The problem:
Only the lines from the beginning of the listing below through the line with "SERVIZIO CIVILE NAZIONALE" belong in the answer; please print them exactly and drop the pictures.

+ + +

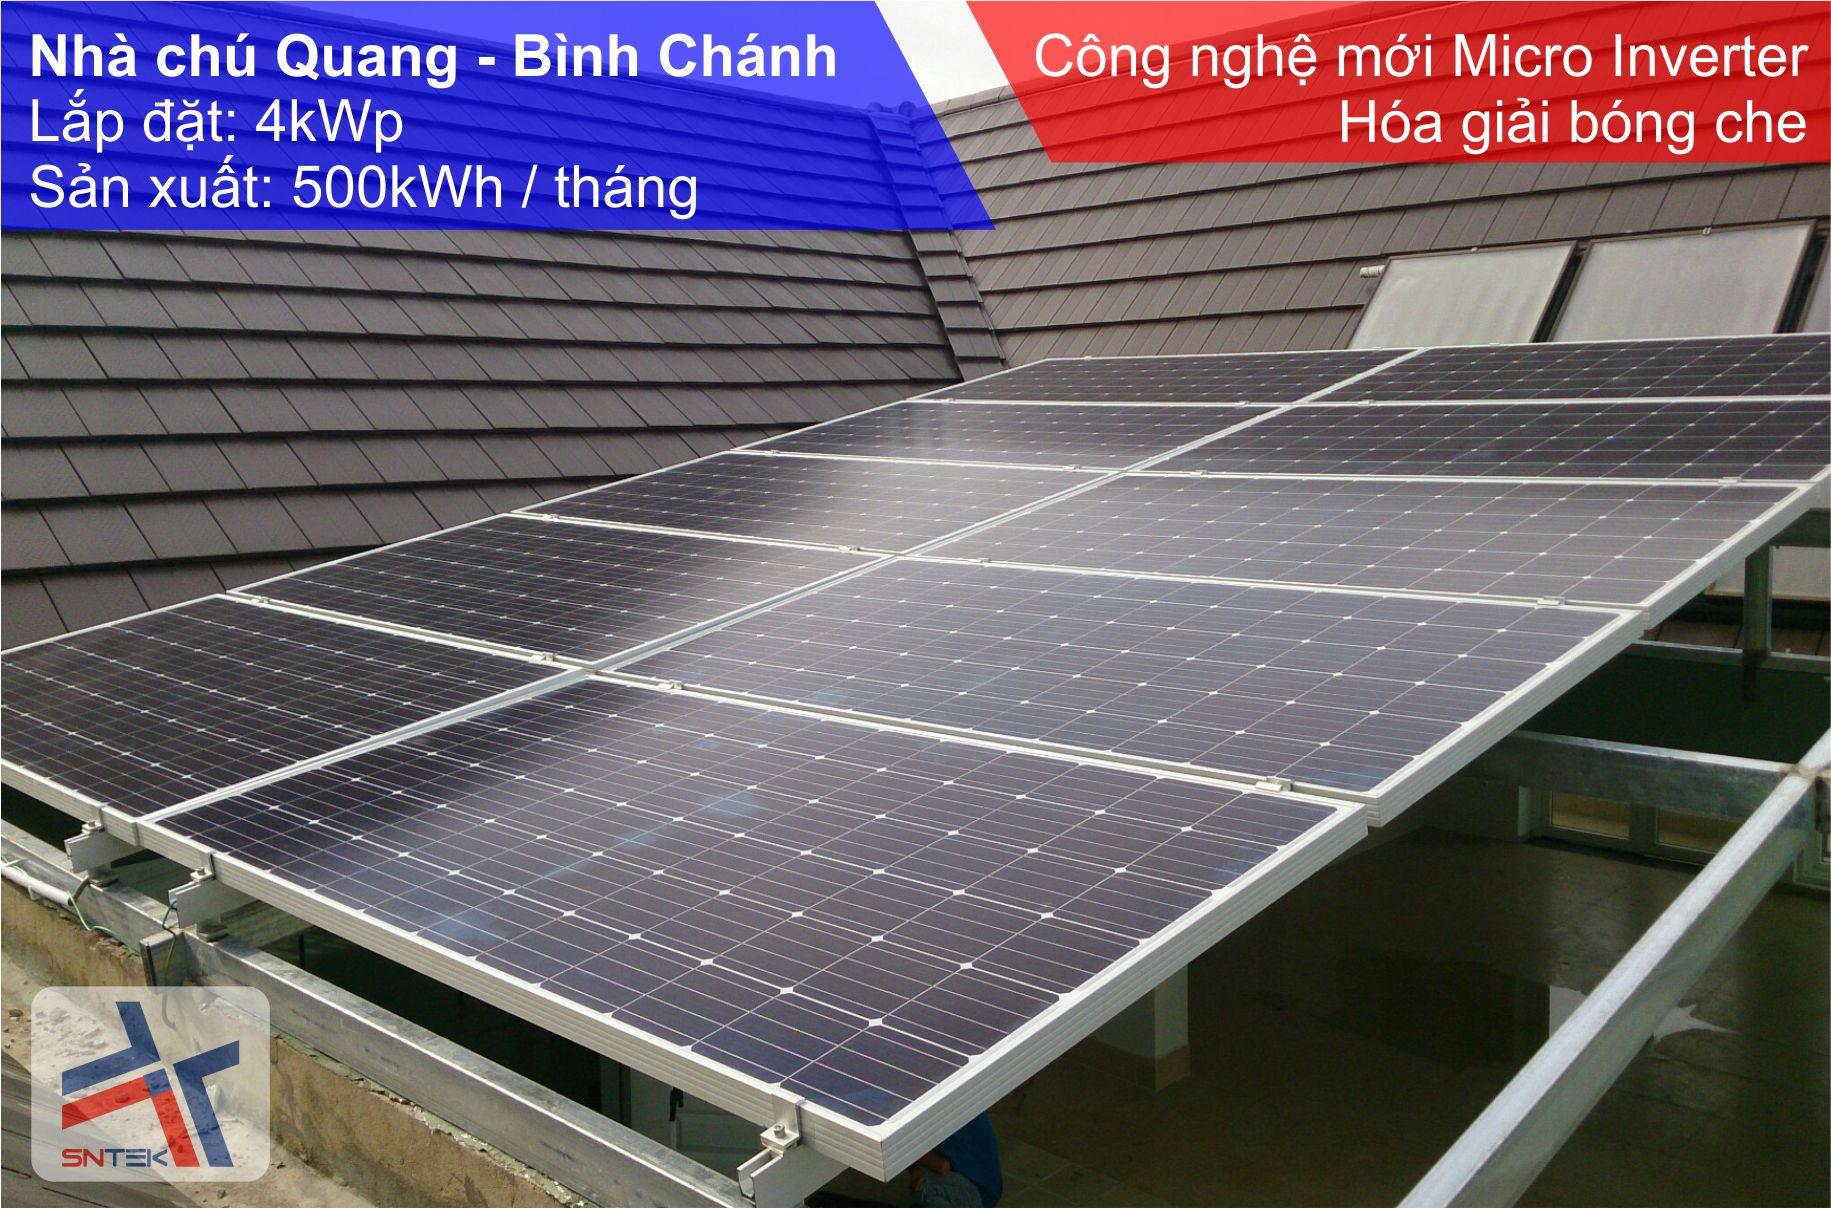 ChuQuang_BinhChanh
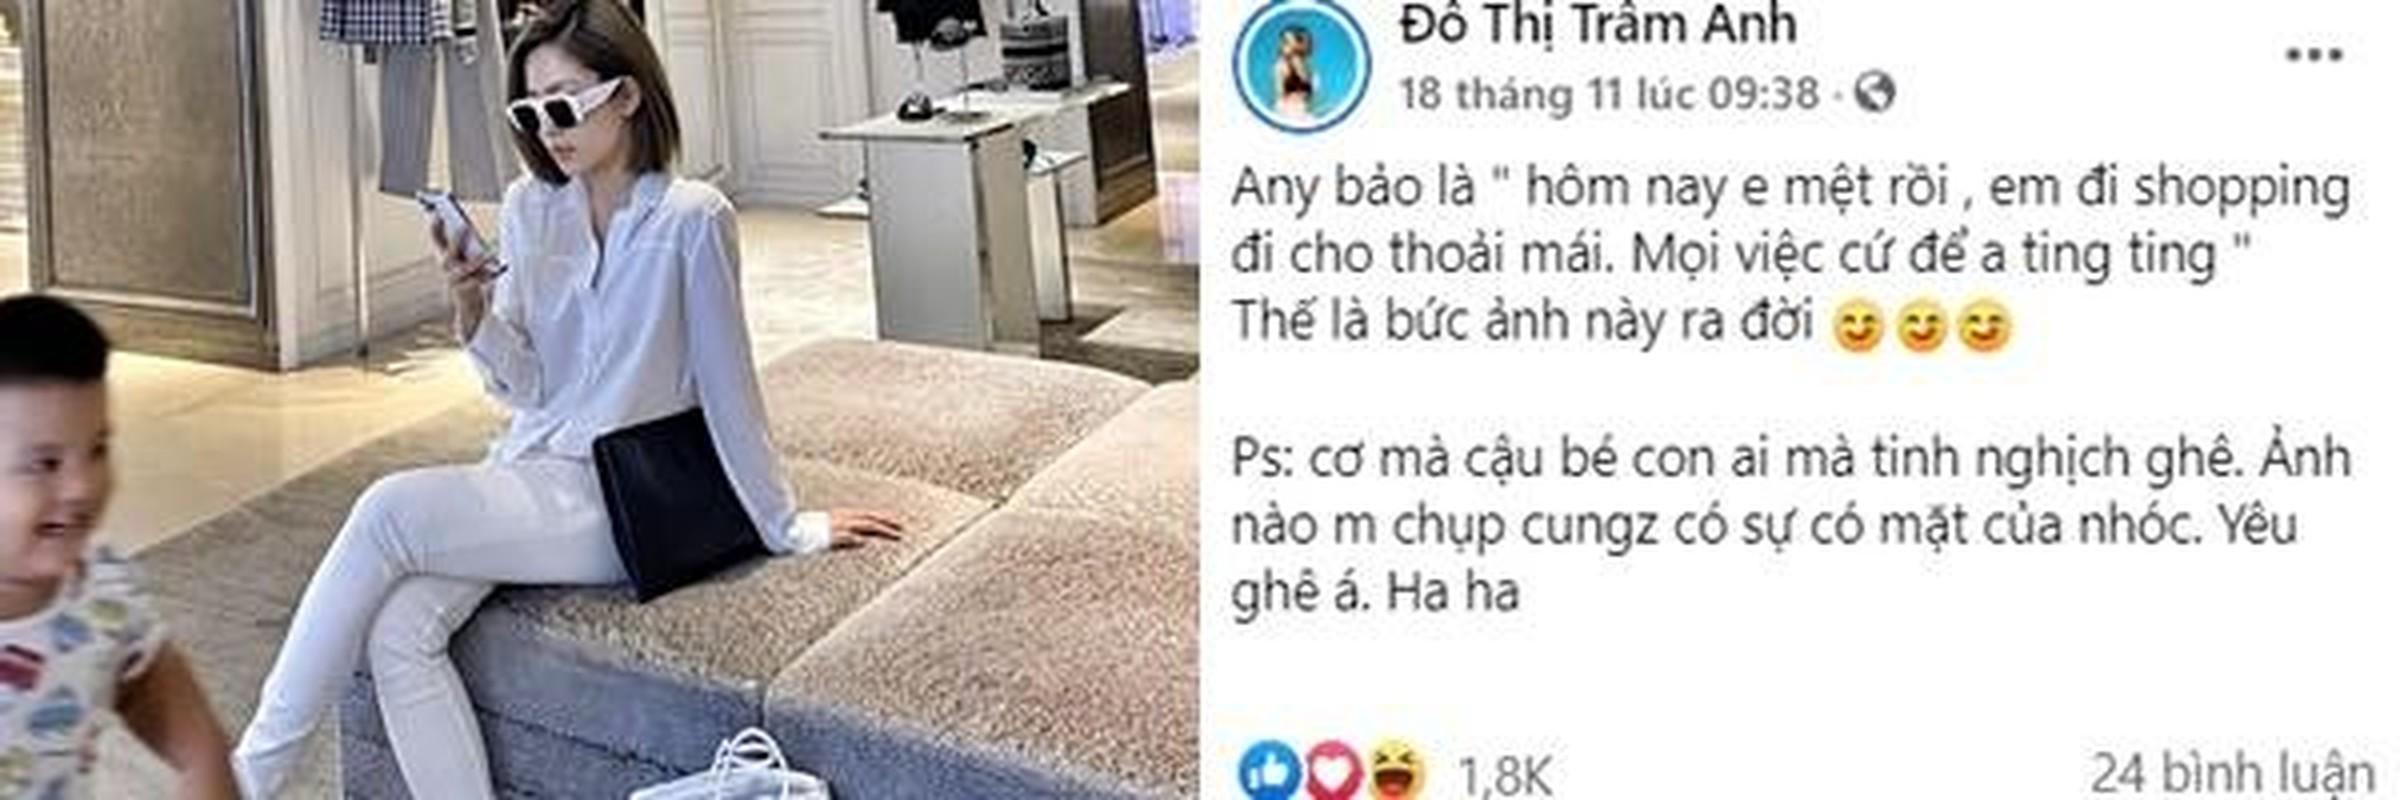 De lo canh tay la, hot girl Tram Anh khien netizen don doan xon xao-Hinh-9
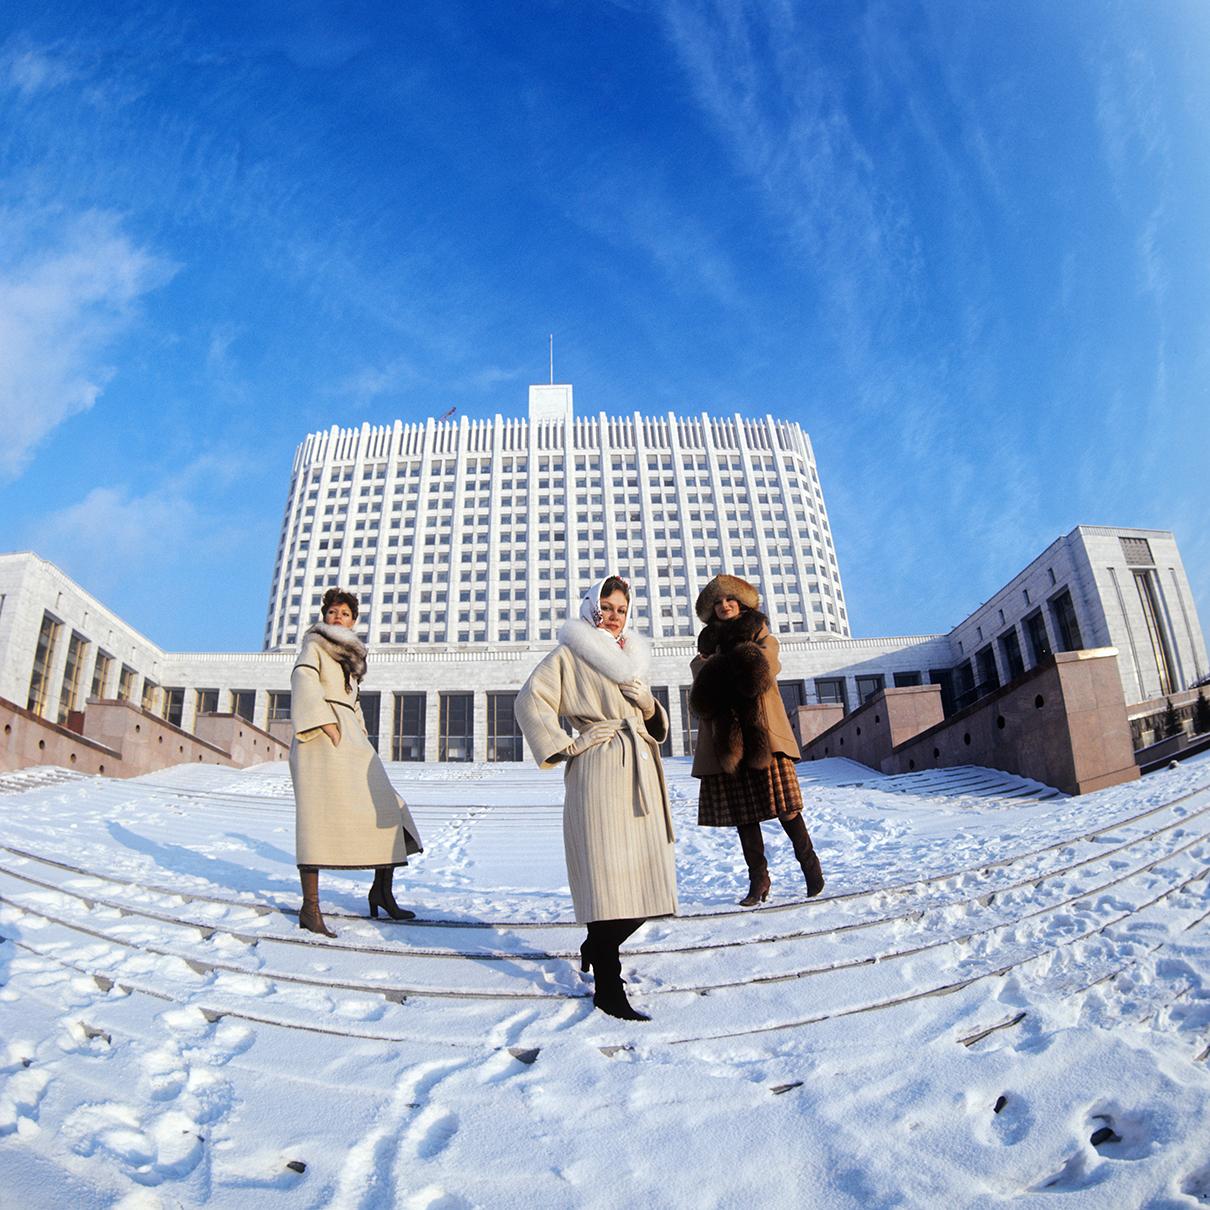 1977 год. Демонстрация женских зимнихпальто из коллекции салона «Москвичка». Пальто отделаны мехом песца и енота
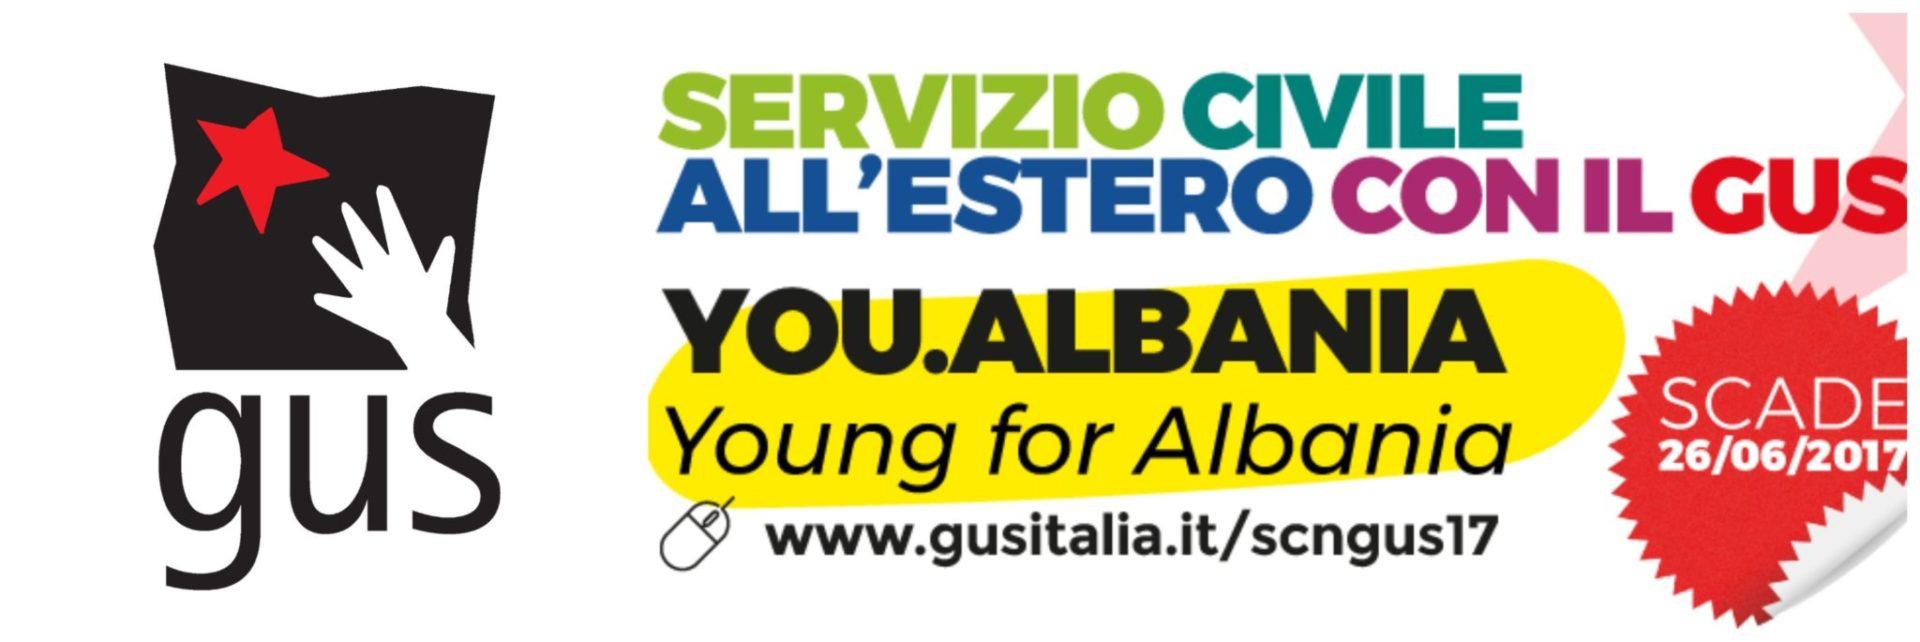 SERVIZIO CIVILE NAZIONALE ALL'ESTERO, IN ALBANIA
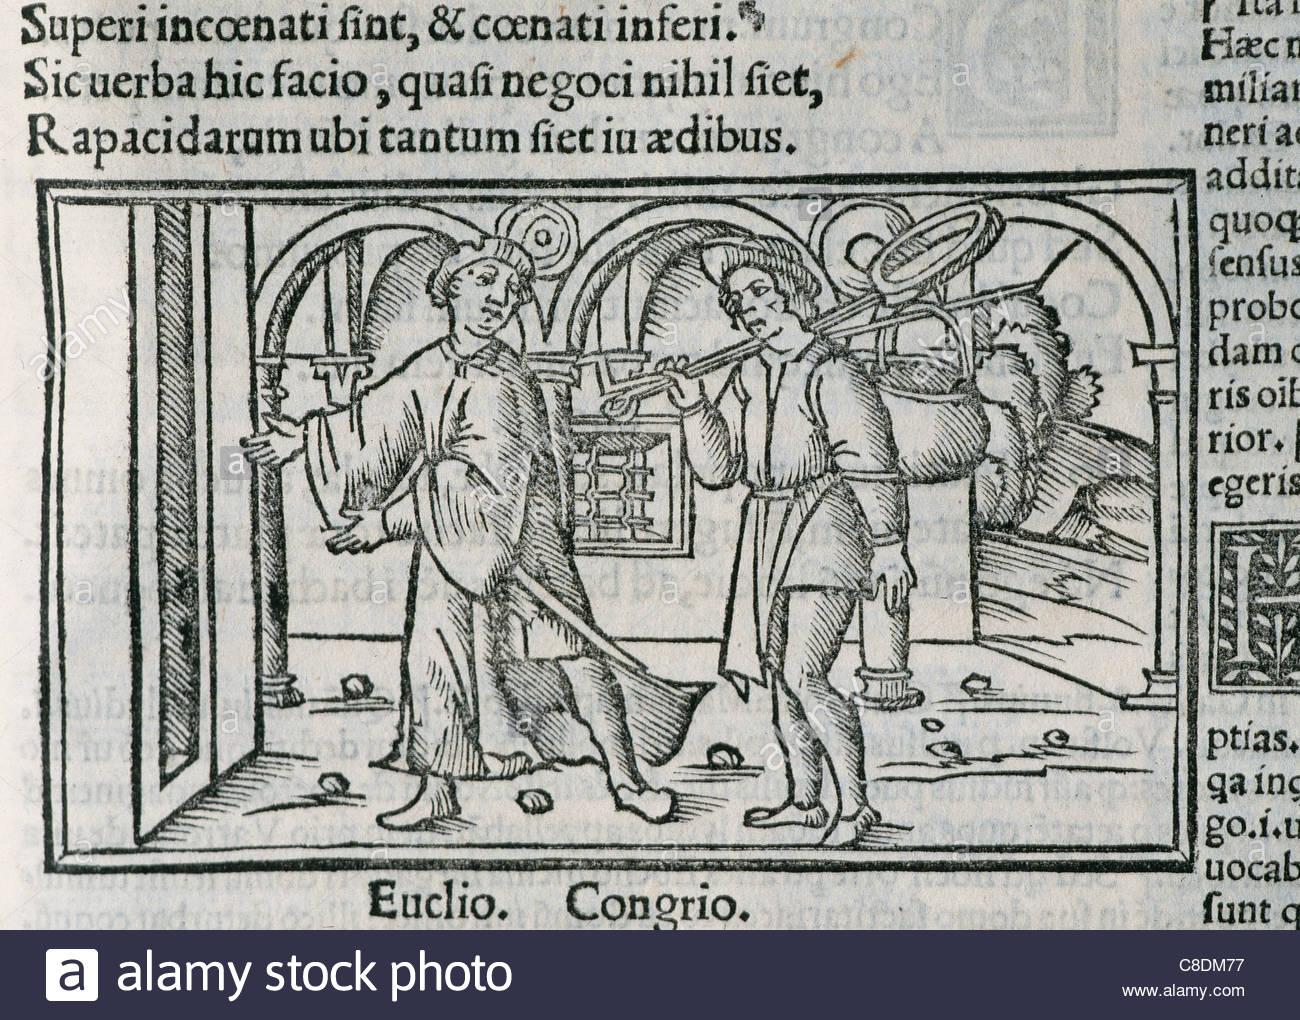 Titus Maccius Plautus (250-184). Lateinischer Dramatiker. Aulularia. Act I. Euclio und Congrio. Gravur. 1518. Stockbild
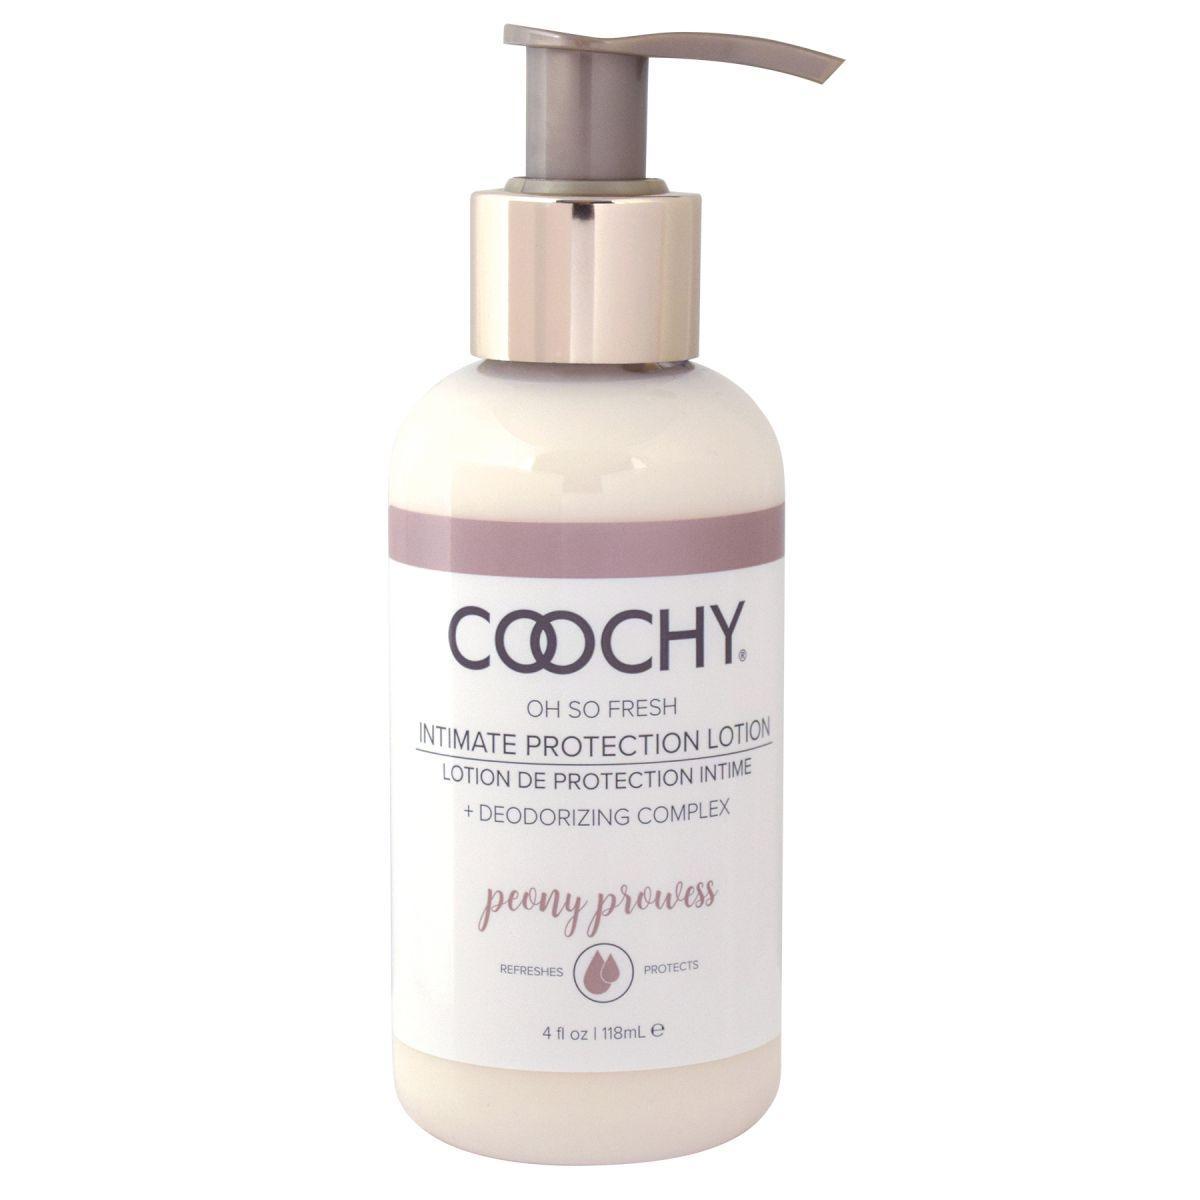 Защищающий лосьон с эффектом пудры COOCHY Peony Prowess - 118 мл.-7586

+ + +

Written solution:
 ChuQuang_BinhChanh
 De lo canh tay la, hot girl Tram Anh khien netizen don doan xon xao-Hinh-9
 1977 год. Демонстрация женских зимнихпальто из коллекции салона «Москвичка». Пальто отделаны мехом песца и енота
 SERVIZIO CIVILE NAZIONALE ALL'ESTERO, IN ALBANIA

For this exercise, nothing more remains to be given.